There could be any number of reasons
why that exact same machine learning model that was initially
trained to run and produce the results may begin to drift, may no longer do that. So we fully
recognize that. So for that, what we have done is obviously at that point, you can't go back to the
customer and ask to say, look, let's go hire a data scientist to go help you retrain that program,
right? That's not going to fly. That's not going to happen.
So we built, for example, this is very common practice,
which is built this self-fine tuning application.
So in other words, you build a UI to say, look, here is a player stock.
Here is a worker safety environment.
Here is a predictive maintenance use case for an asset,
but something has changed.
Bring up the UI for that application.
Allow the customer to say, look, here is my new video. Here is my new information that I'm feeding it. And here is what's different about it. Now, underneath what needs to happen is we use this
concept of transfer learning. So in other words, you previously built a machine learning model.

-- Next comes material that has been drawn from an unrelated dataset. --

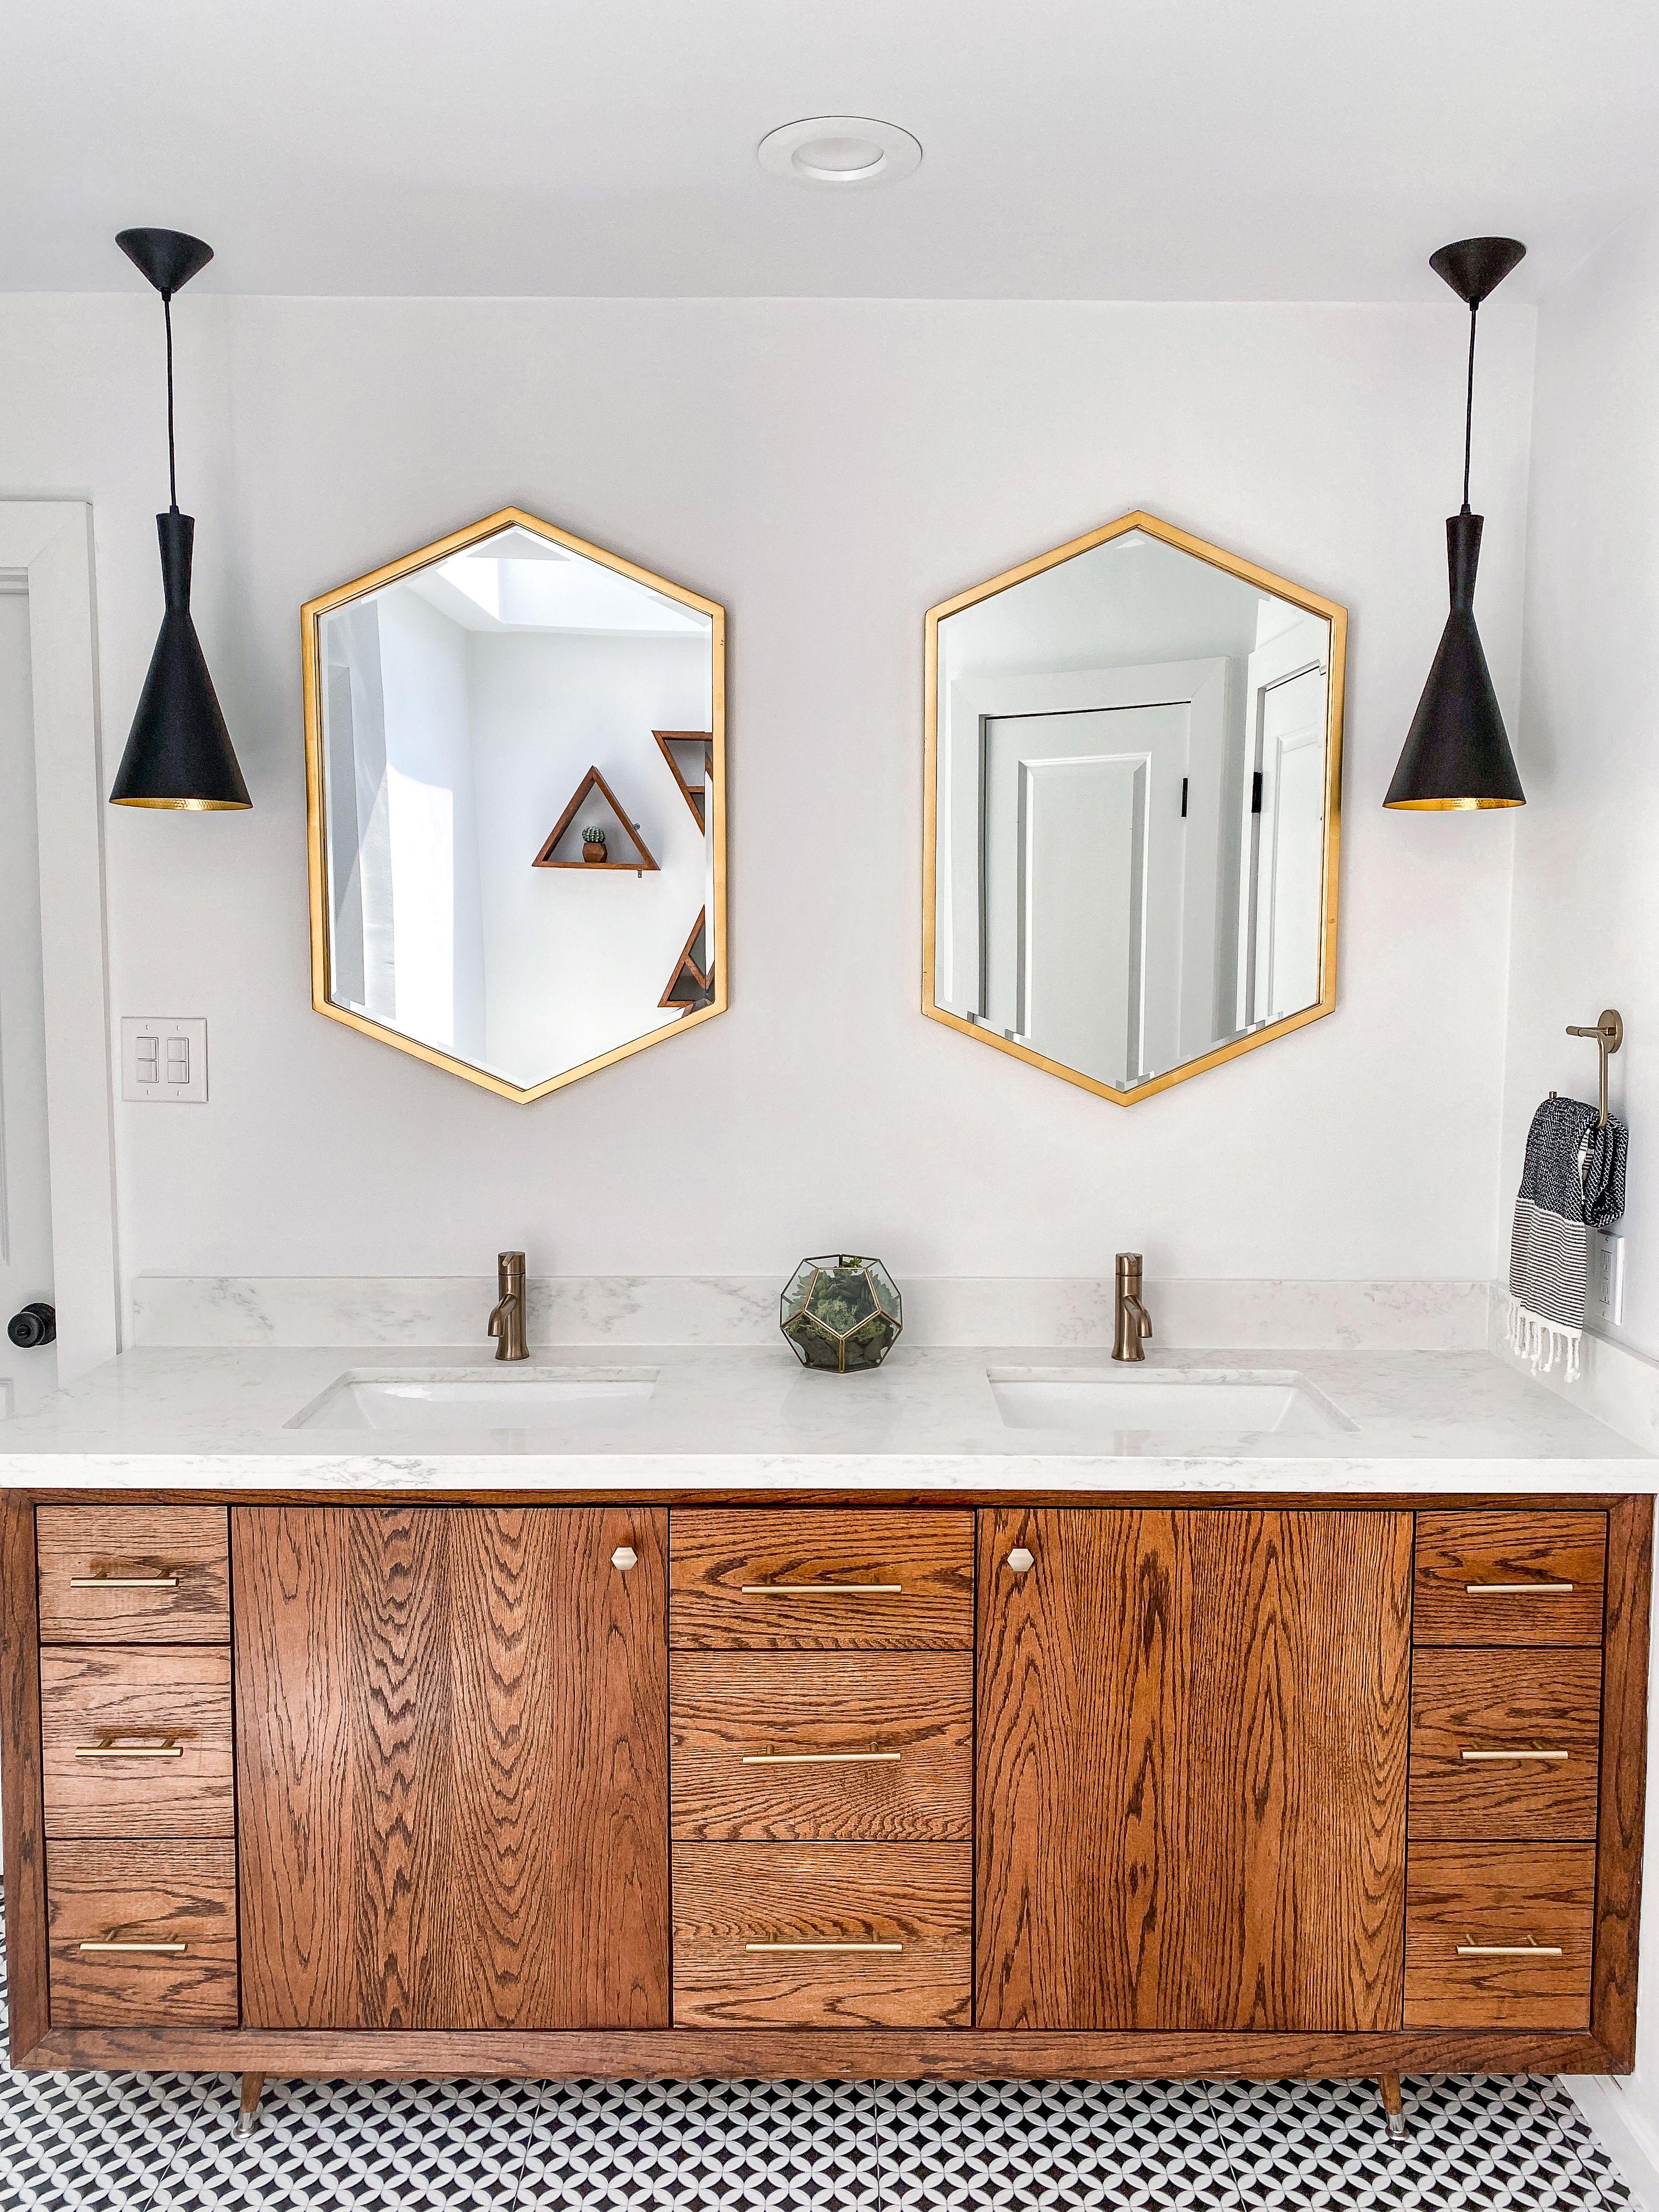 Mid Mod Vanity Remodeled 80s Bathroom Mid Century Modern Bathroom Modern Bathroom Mirrors Modern Bathroom Decor [ 4032 x 3024 Pixel ]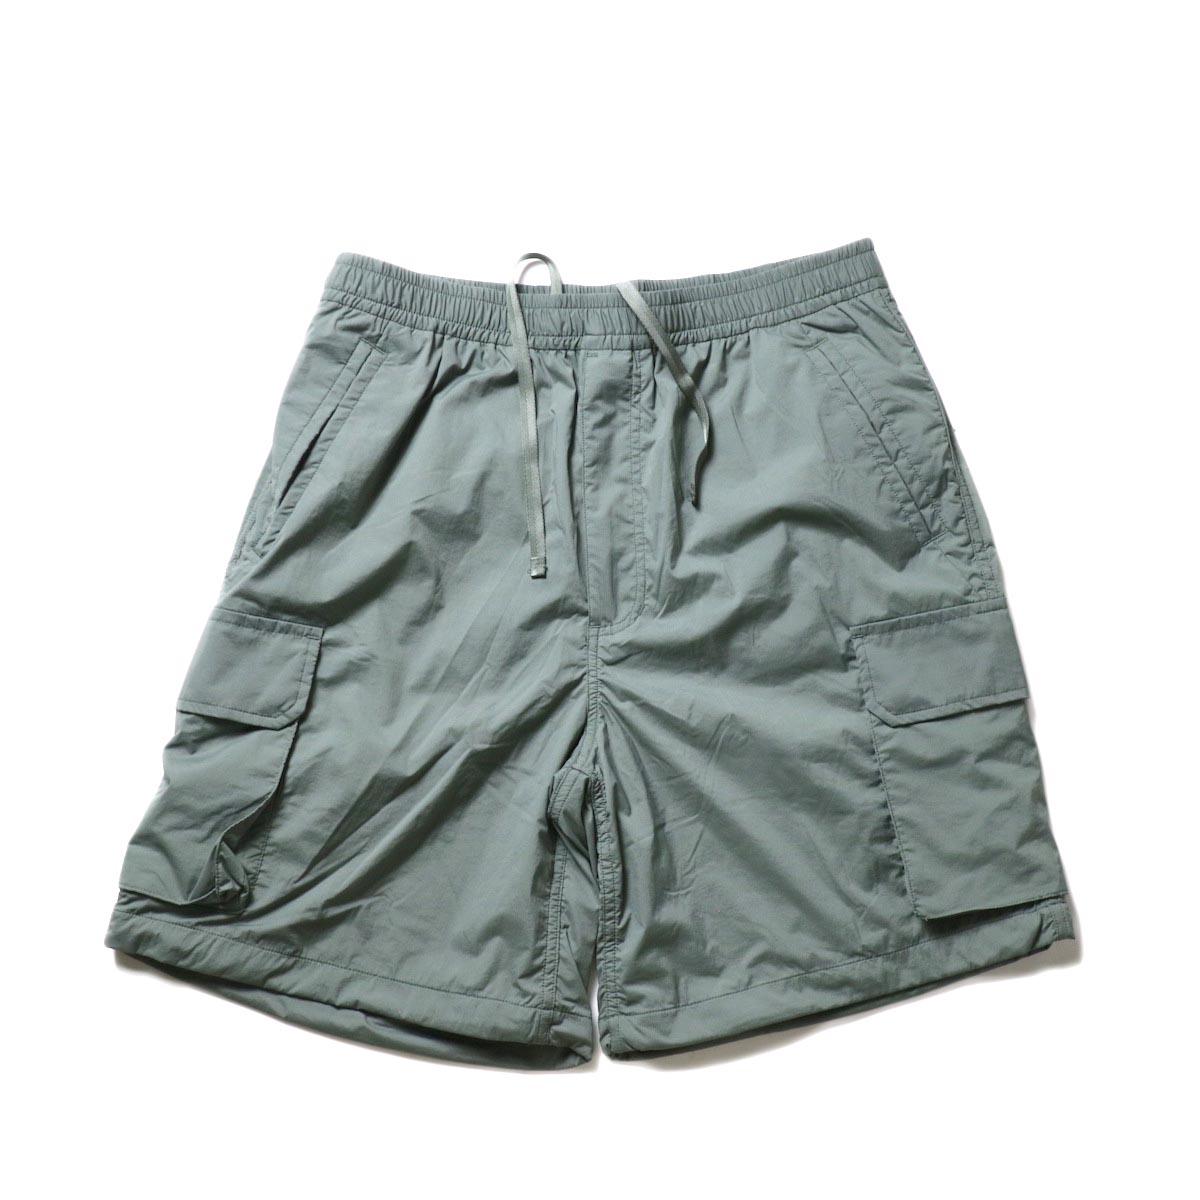 DAIWA PIER39 / Tech French Mil Field Shorts (Gray)

You have trained it based on certain data sets. The model has learned how things work. Now you're feeding that model this additional information. How does the model now learn not only what it has previously
learned but also augmented with what's being fed now? That's the transfer learning. We use the
technique underneath but again none of this is exposed to the end customer because they don't
know what you when you start talking about transfer learning machine learning it goes over their head
you don't know what you're talking about right. So we only expose the UI to them to upload that information.
Underneath, update the model.
That's one technique that we use to be able to continue to predict with the same level of accuracy.
I'll just say a couple more things before I hand it over to you.
So the second aspect is there is this notion of periodic training.
A lot of the times customers say, you know what, I'm not going to bother to come once in a while whenever there is a problem, I'm going to upload it.
But instead, I want you to periodically retrain it almost maybe once a week, maybe once a month.
And here's how we do that.
So we've also employed that mechanism in certain scenarios to say, look, you know what, let's not bother when the problem happens, let's go take a look at it.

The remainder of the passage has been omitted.